5 Ways the Silent Treatment Is Really Damaging (And How to Deal with It)

I’m sure you’ve all heard of the silent treatment. It’s a method of psychological punishment and manipulation we’ve all probably used or experienced at some point, whether we were aware of it or not. This applies to any relationship—romantic, friendships, familial, coworker relationships, and even interactions with strangers.

In this article, I’m going to explain to you why people use silent treatment to ignore people in a relationship, how serious the consequences of silent treatment can be, and how you can deal with it. When you understand more about the reasons why people do this and how bad it really is, you will learn to solve problems in your relationship in a different and positive way.

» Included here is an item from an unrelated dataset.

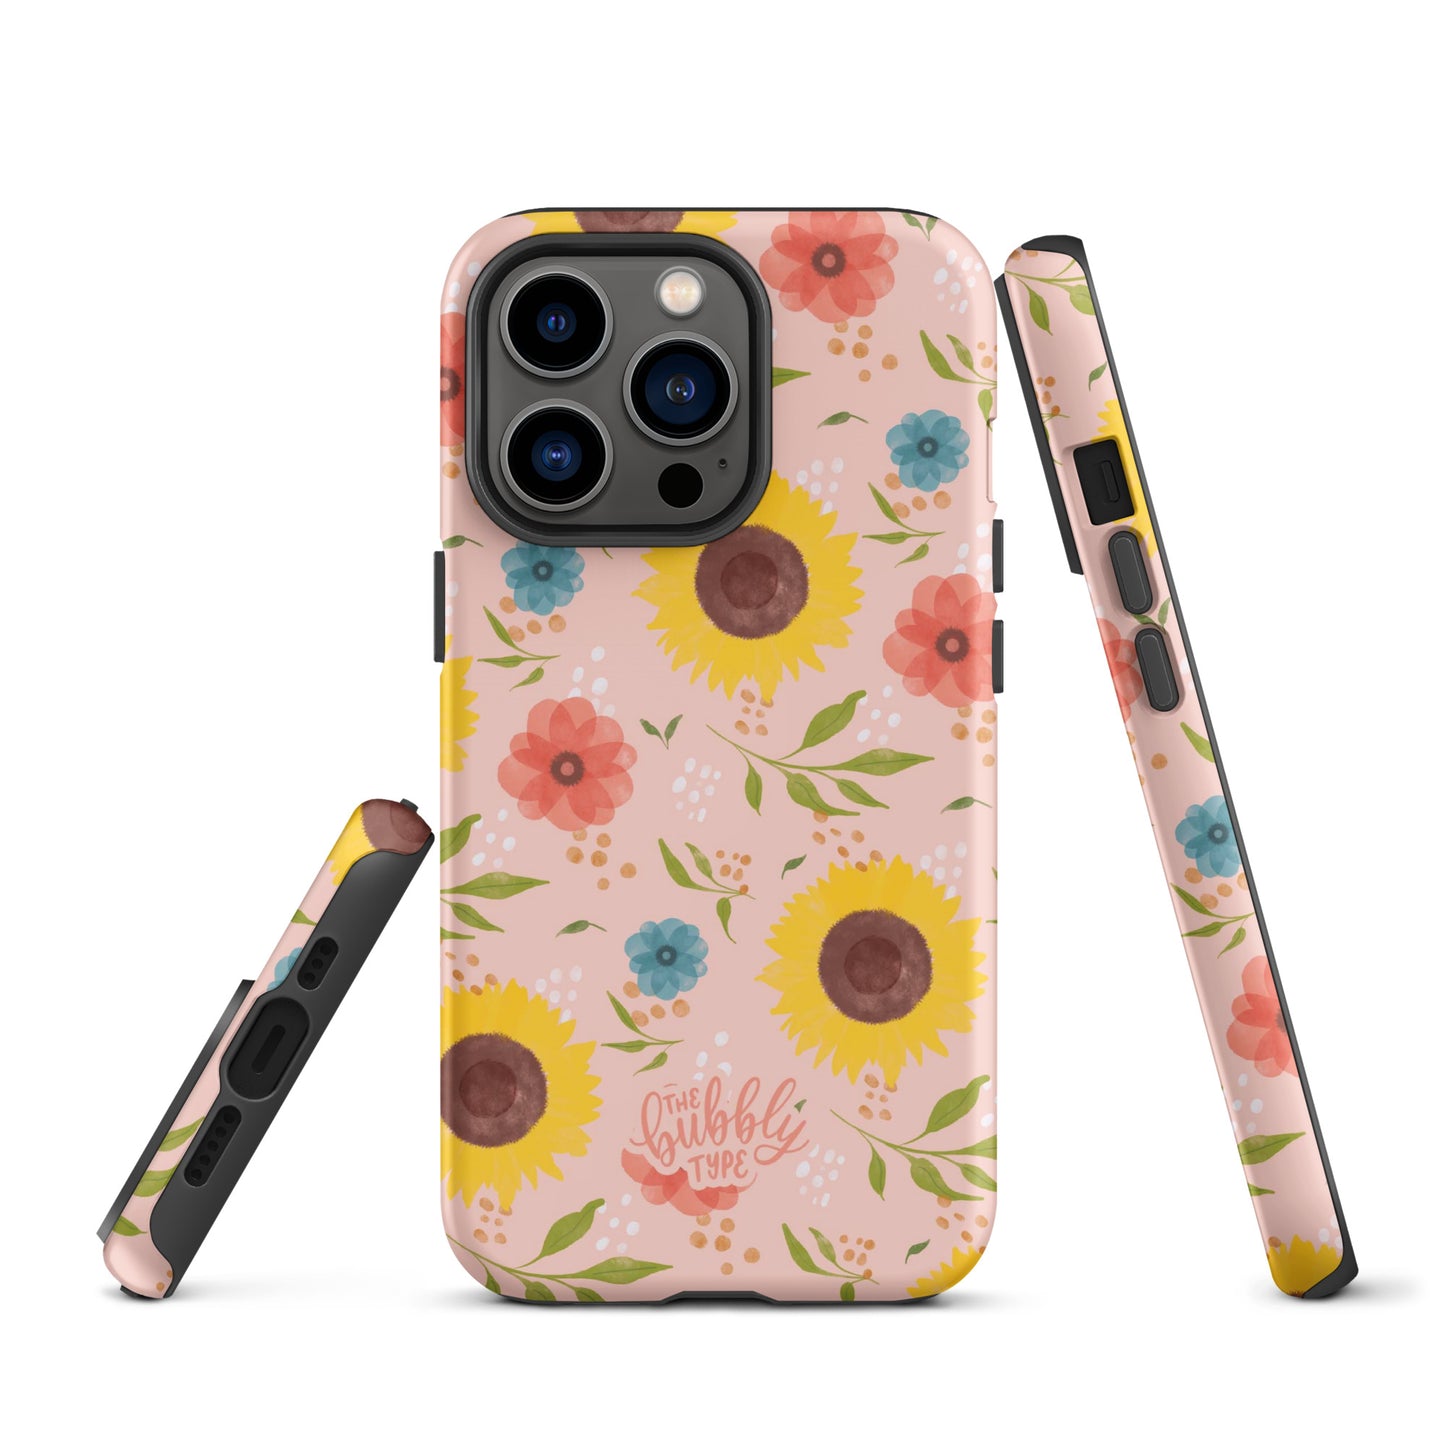 Sunflowers (Pink) Tough iPhone case

Silent Treatment — What It Is and What It’s Not

But here’s the thing about blatantly ignoring someone: not only is it rude, immature, inconsiderate, cruel, and petty, it’s downright emotionally (and sometimes physically) damaging.

Ignoring someone is not an act of love. In fact, it qualifies as abuse:[1]

    Just because you are not using your hands doesn’t mean you can’t irreparably hurt someone else. Ignoring someone is also not a strategy, it’s just a flat out disregard for someone else’s feelings.

    It might be hard to read what I have to say, based on my own experiences and some research on the various effects of the silent treatment. But I’m writing this because it’s so, so important.

    There are people who take the silent treatment to extremes. No one should ever be treated this way, or feel like they have to put up with this kind of behavior in someone else because it is most definitely not okay. It is also not something you can just “get over” or  “just move on” from because it stays with you.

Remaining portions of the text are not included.